Earlier this month, Belfast businesswoman Barbara Whearty called on the council to stop anti-abortion groups displaying such images.
Ms Whearty, who had suffered a miscarriage, was speaking after charges against her of unlawfully assaulting two members of the Youth for Life wing of Precious Life were dismissed.
Councillor Kelly said: "I've had three miscarriages. One was early, but two were later. I last miscarried the day before my election to council in 2019.
"A few weeks later, I was in town and ran into graphic imagery displayed at the anti-abortion stall in Cornmarket. It was deeply upsetting and brought back everything that I'd gone through.
"It's ridiculous that women who have suffered miscarriages are exposed to this. I now have to avoid that area of town completely. I support the right to protest, but it must not involve retraumatising anyone."
Ms Kelly raised the issue with the City Solicitor. "The council's legal services department is currently drafting bye-laws which would prohibit the display in designated areas of images which would likely deter other people from using or enjoying that public space," she said.
Ms Kelly explained that legislative change would also be needed by Stormont's Department of Communities.
"An attempt to regulate the display of these images will likely be tested under Article 10 of the Human Rights Act permitting freedom of expression," she said.
"My attitude is 'bring it on'. Freedom of expression does not mean freedom from responsibility or consequences. Freedom of expression should not give anyone the right to retraumatise those who already have been through heartbreaking experiences."
Ms Kelly said she expected the draft bye-laws to come before the council's strategic policy and resources committee in the next few months.
"They will then go before a full council meeting, and I'm confident that they will pass," she said.
"This is something that should have happened a long time ago, I'm committed to keep working at it until the law is changed."
A council spokeswoman said: "Council officers are working on a set of bye-laws to address a range of issues in Belfast city centre.
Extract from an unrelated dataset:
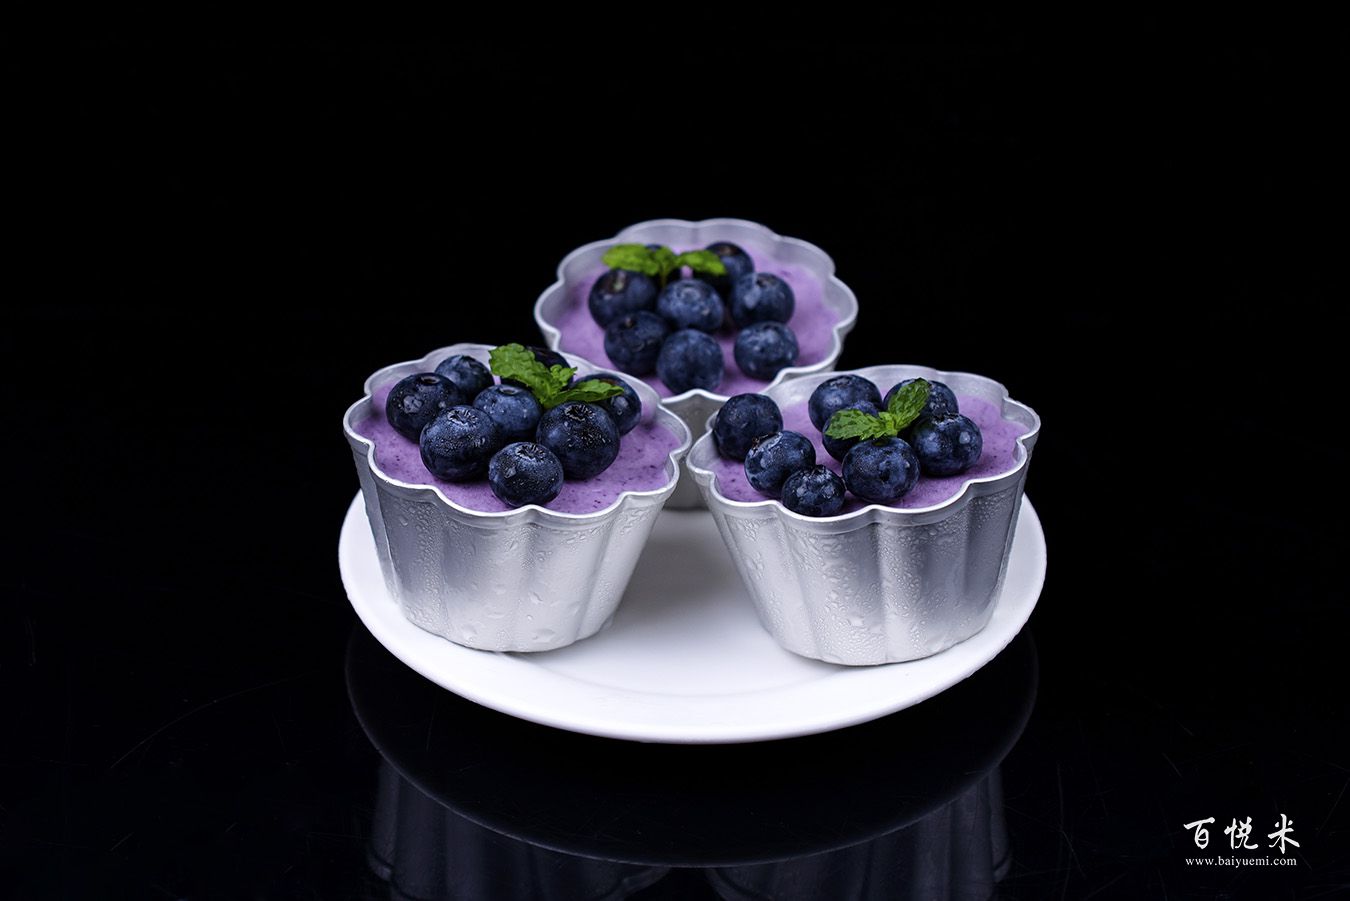 蓝莓冻芝士蛋糕的做法视频大全_西点培训学习教程

A draft of the proposed bye-laws will be brought before elected members for consideration in due course."
A Department of Communities spokeswoman said: "The department has not received any correspondence from Belfast City Council regarding council bye-laws."
Earlier this month, Ms Whearty recalled how she had been "completely overwhelmed" when she saw "these words 'Abortion Won't Unrape Her' and shockingly graphic images of foetuses in various stages of development".